▶ REQUIRED ACTION:
Leave the pictures out and print, word for word, the lines below from the one with "tlbang Women Summer" through the final line.

▶ PROVIDED MATERIAL:

________

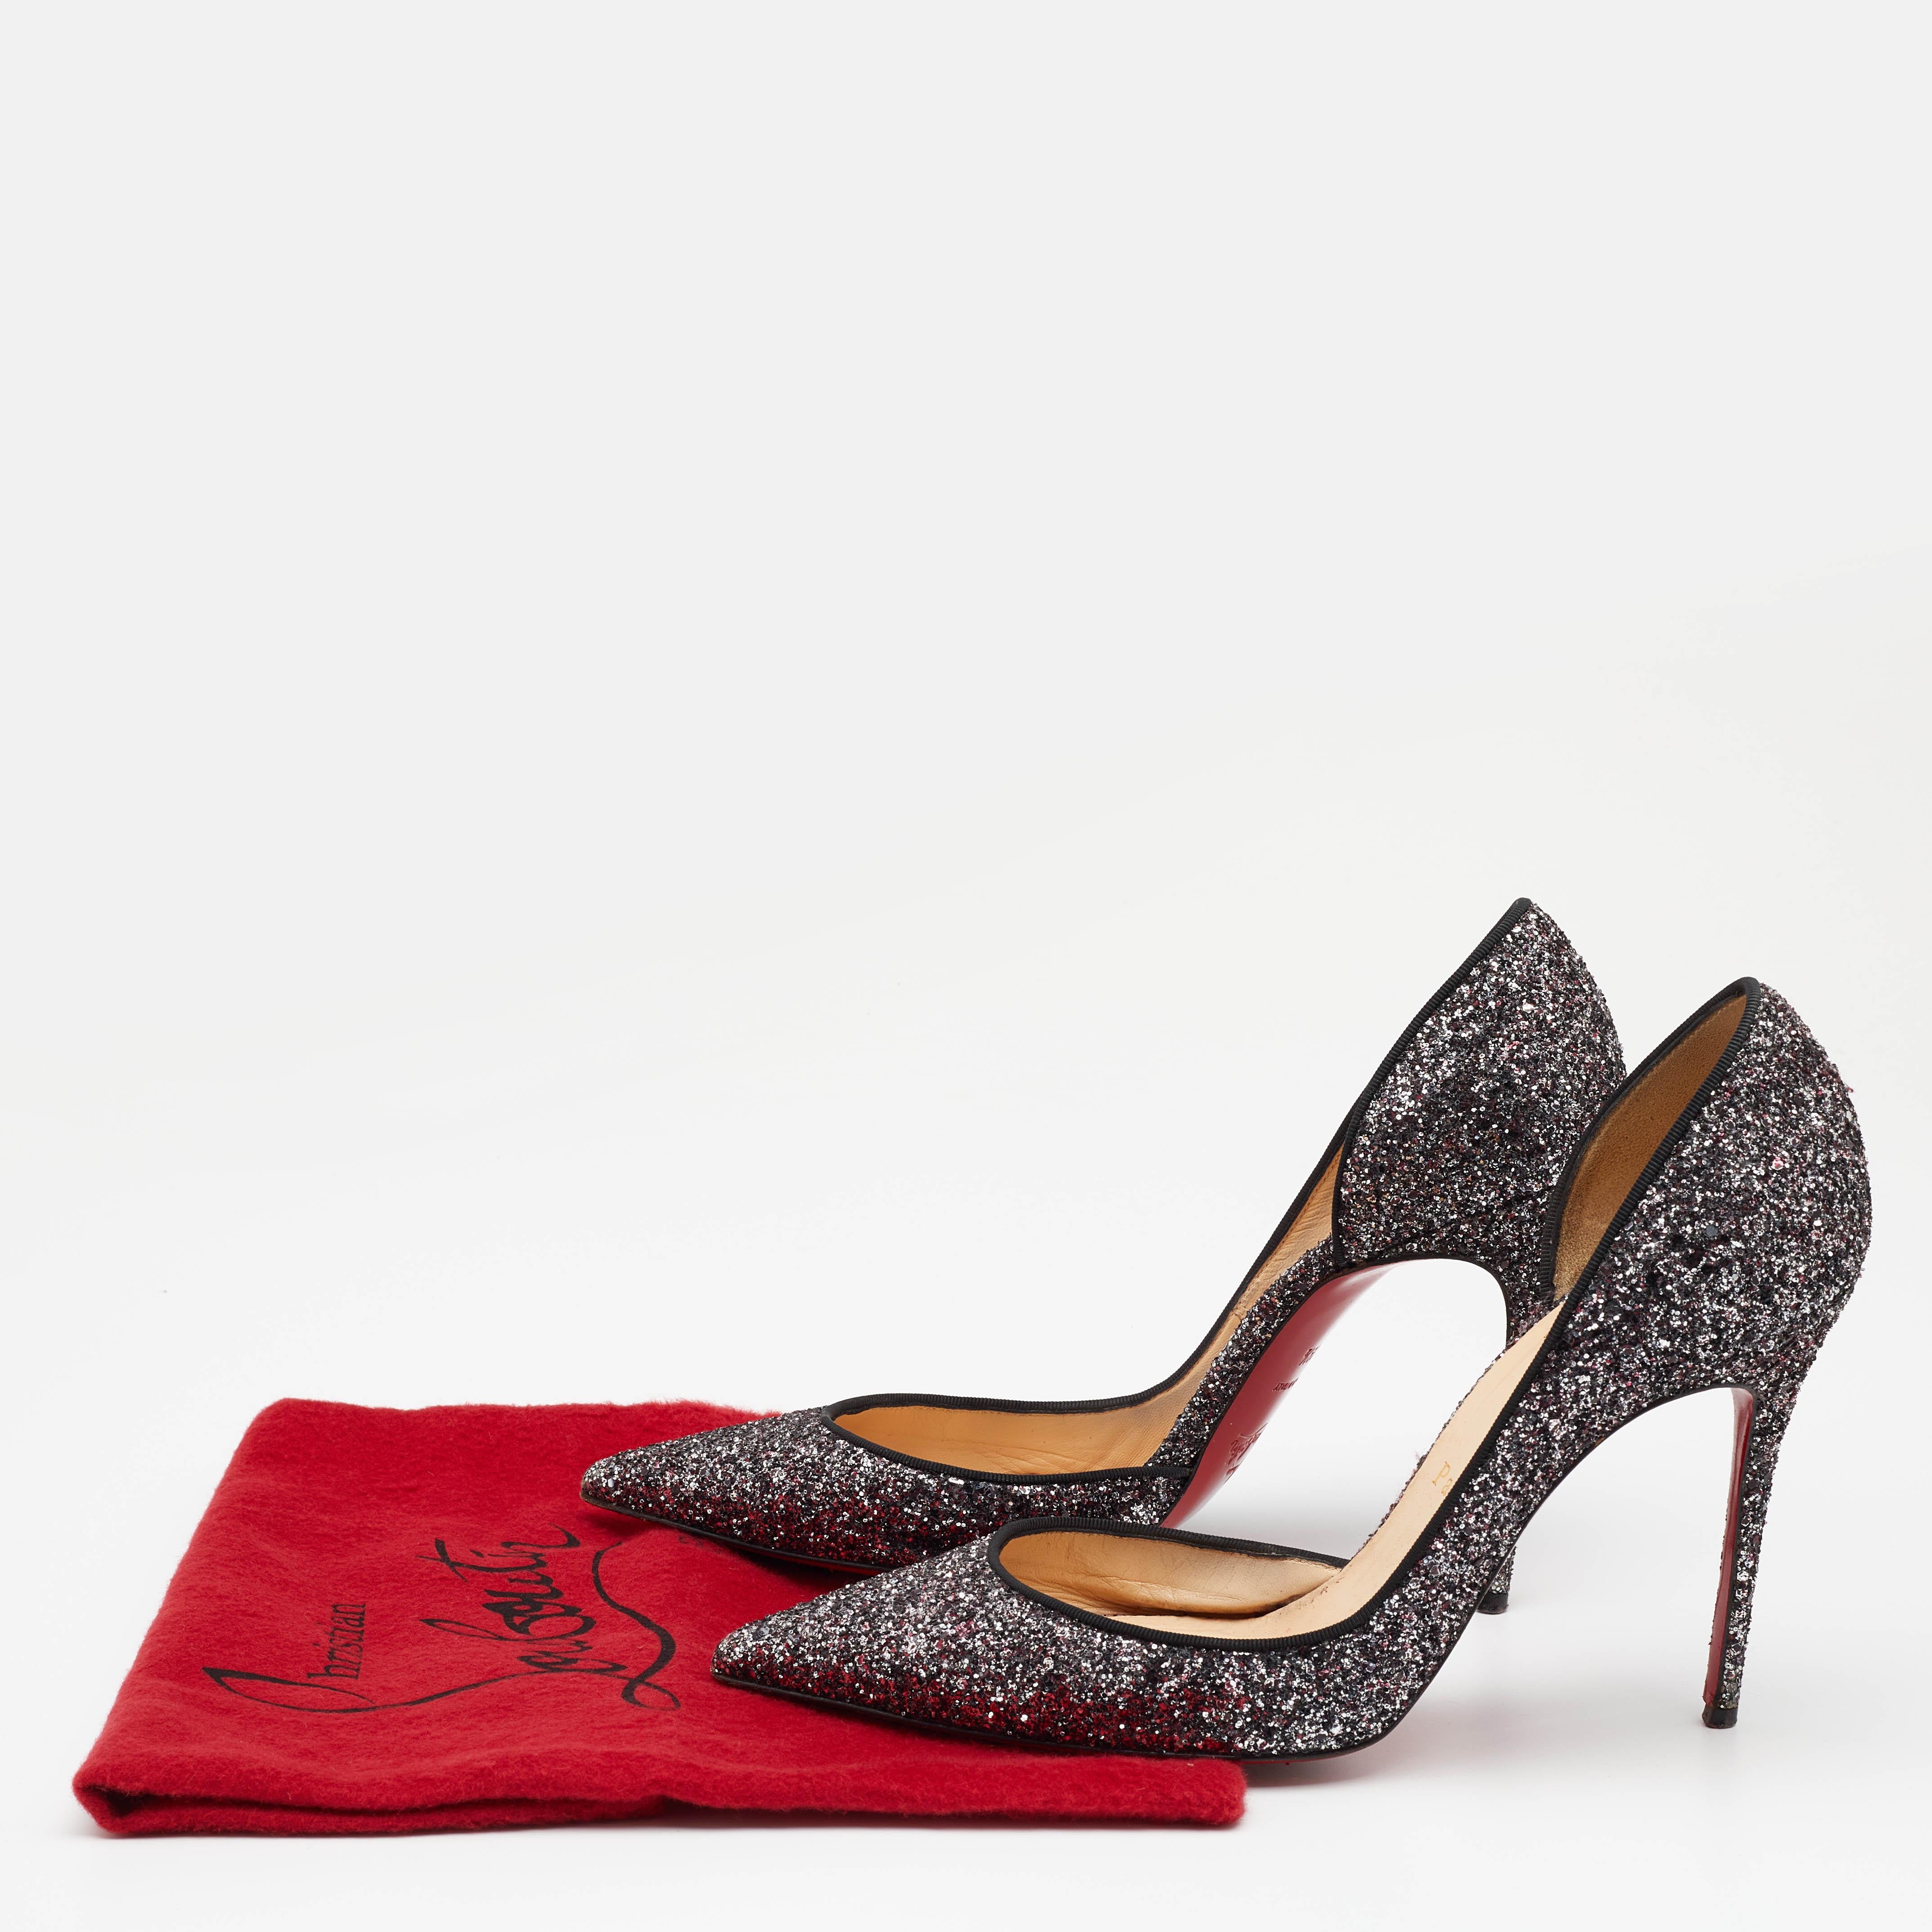 Christian Louboutin Black Glitter Iriza Pointed Toe D'orsay Pumps Size 39.5 For Sale 4
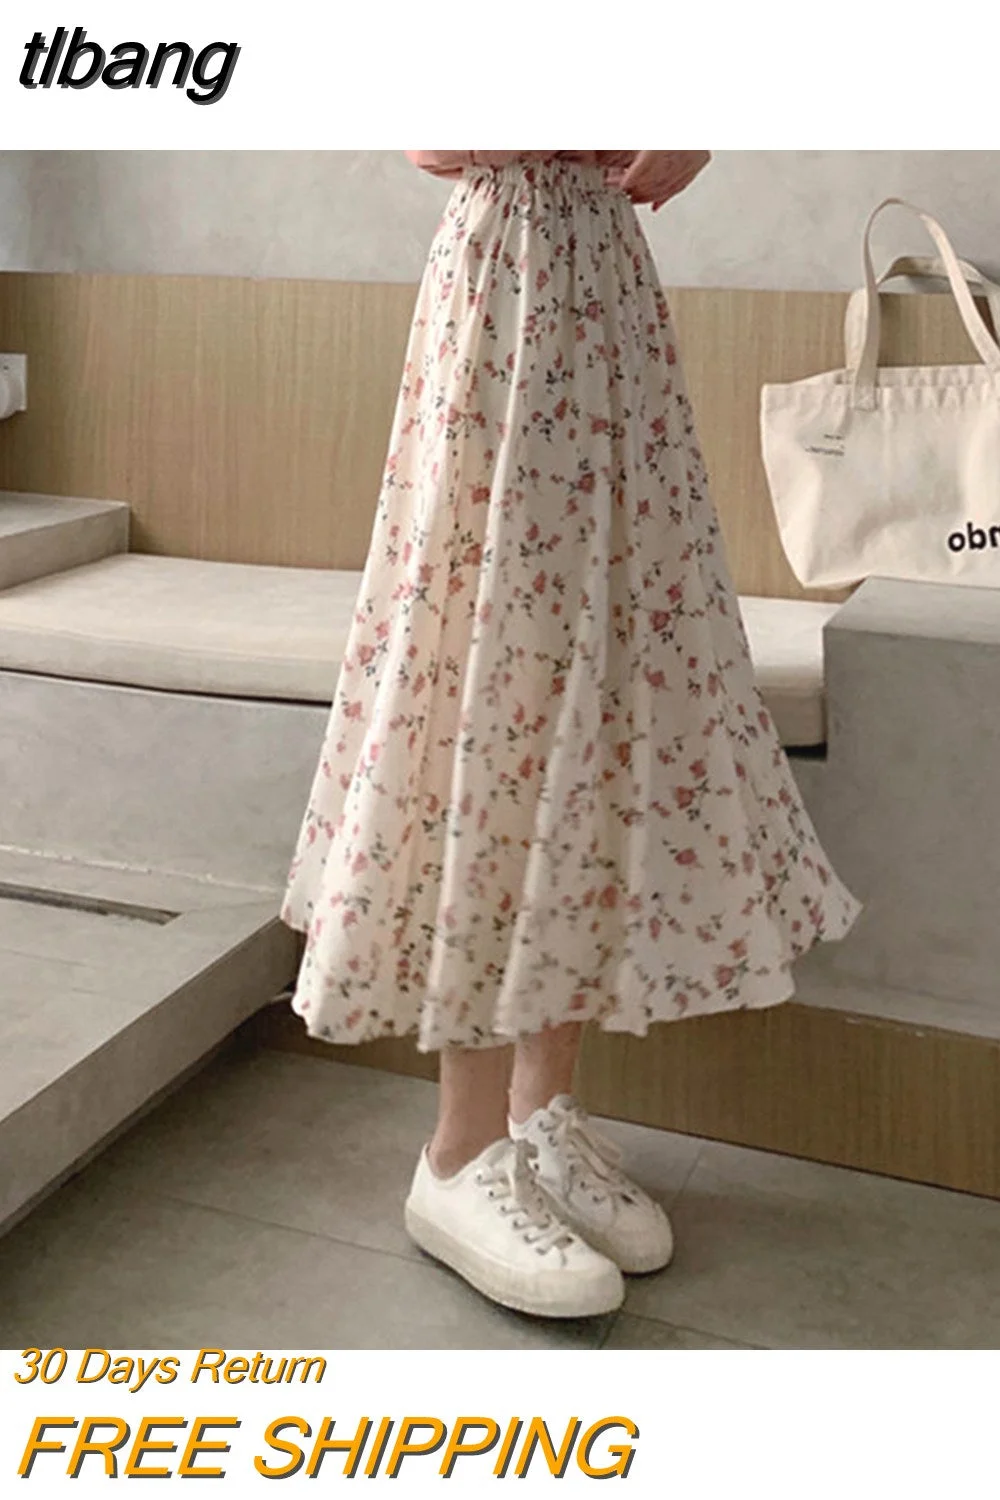 tlbang Women Summer Floral Cozy Girls Leisure Chic High-waist Simple Office Lady Daily Holiday Female A-line Midi Korean Version
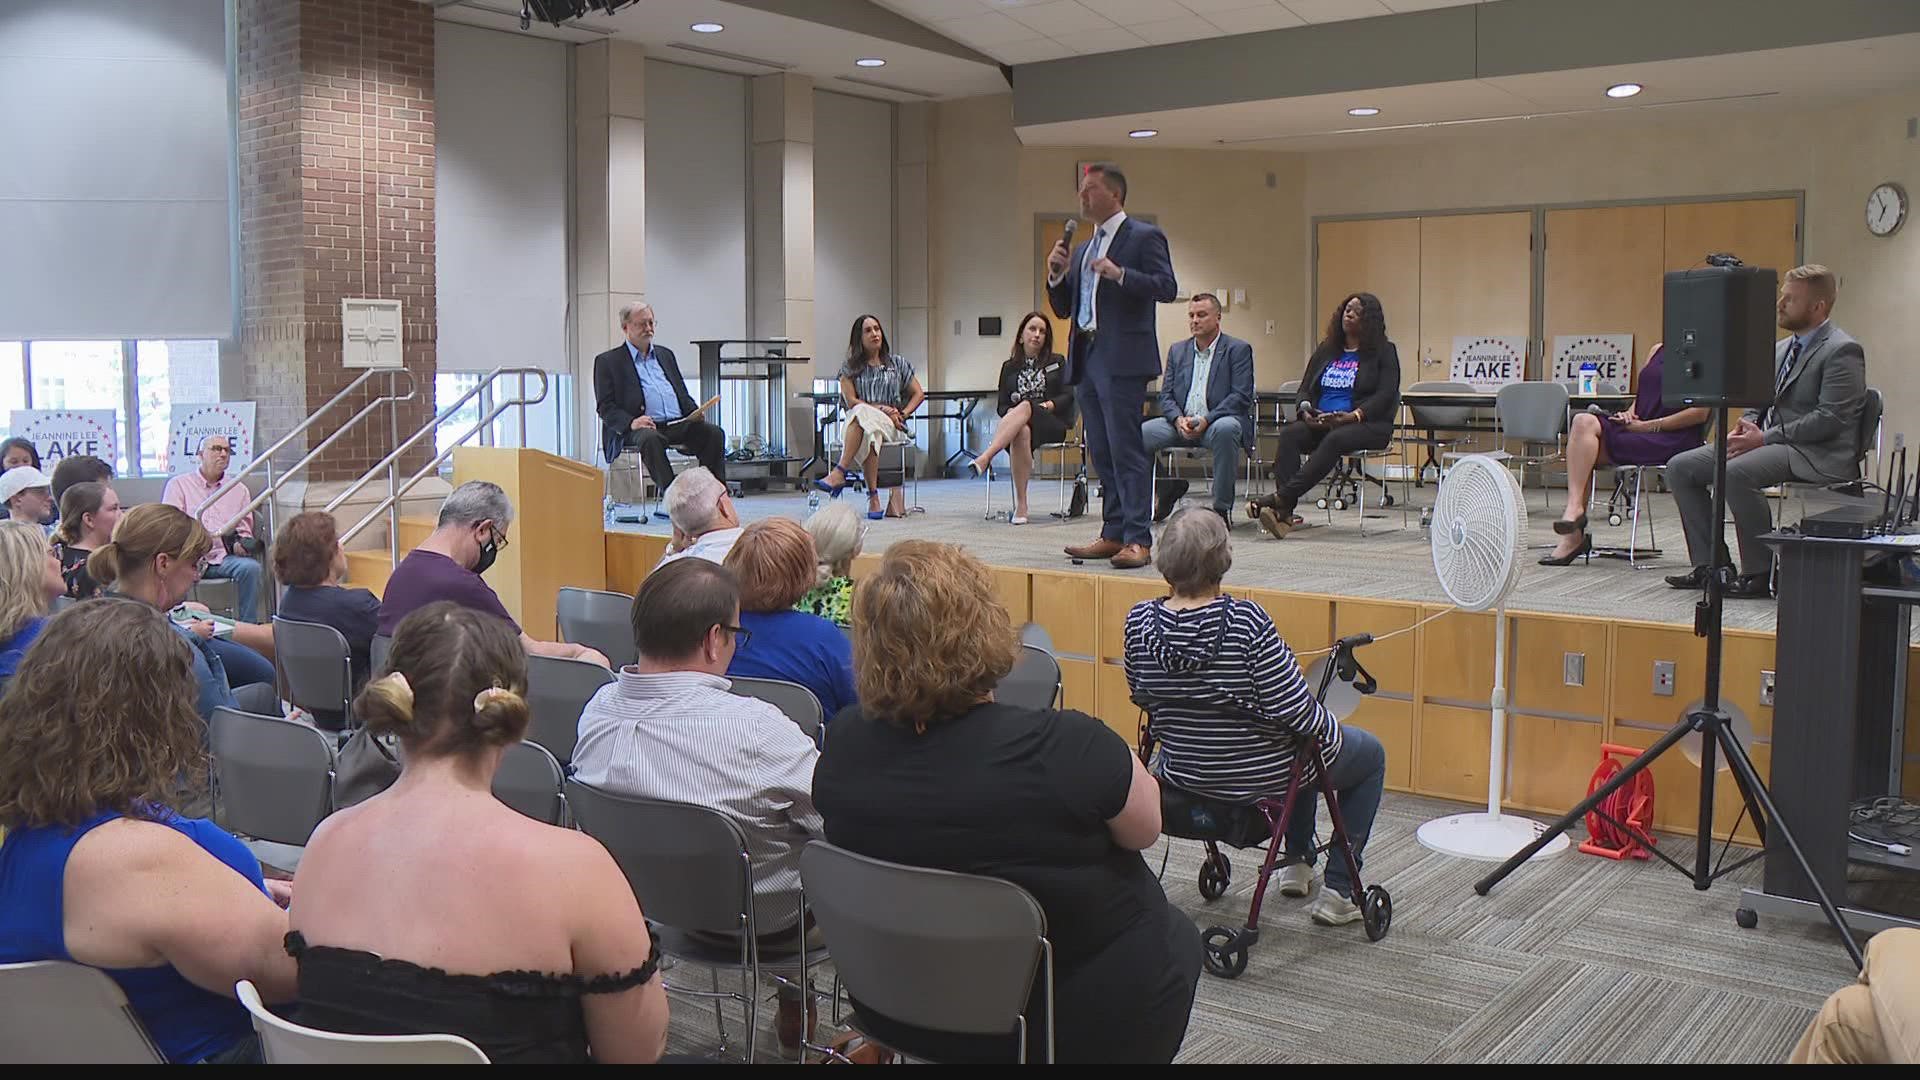 The event, held at a Fishers library, is one of two such forums planned for this week in central Indiana.

________

▶ TASK SOLUTION:
 tlbang Women Summer Floral Cozy Girls Leisure Chic High-waist Simple Office Lady Daily Holiday Female A-line Midi Korean Version
 The event, held at a Fishers library, is one of two such forums planned for this week in central Indiana.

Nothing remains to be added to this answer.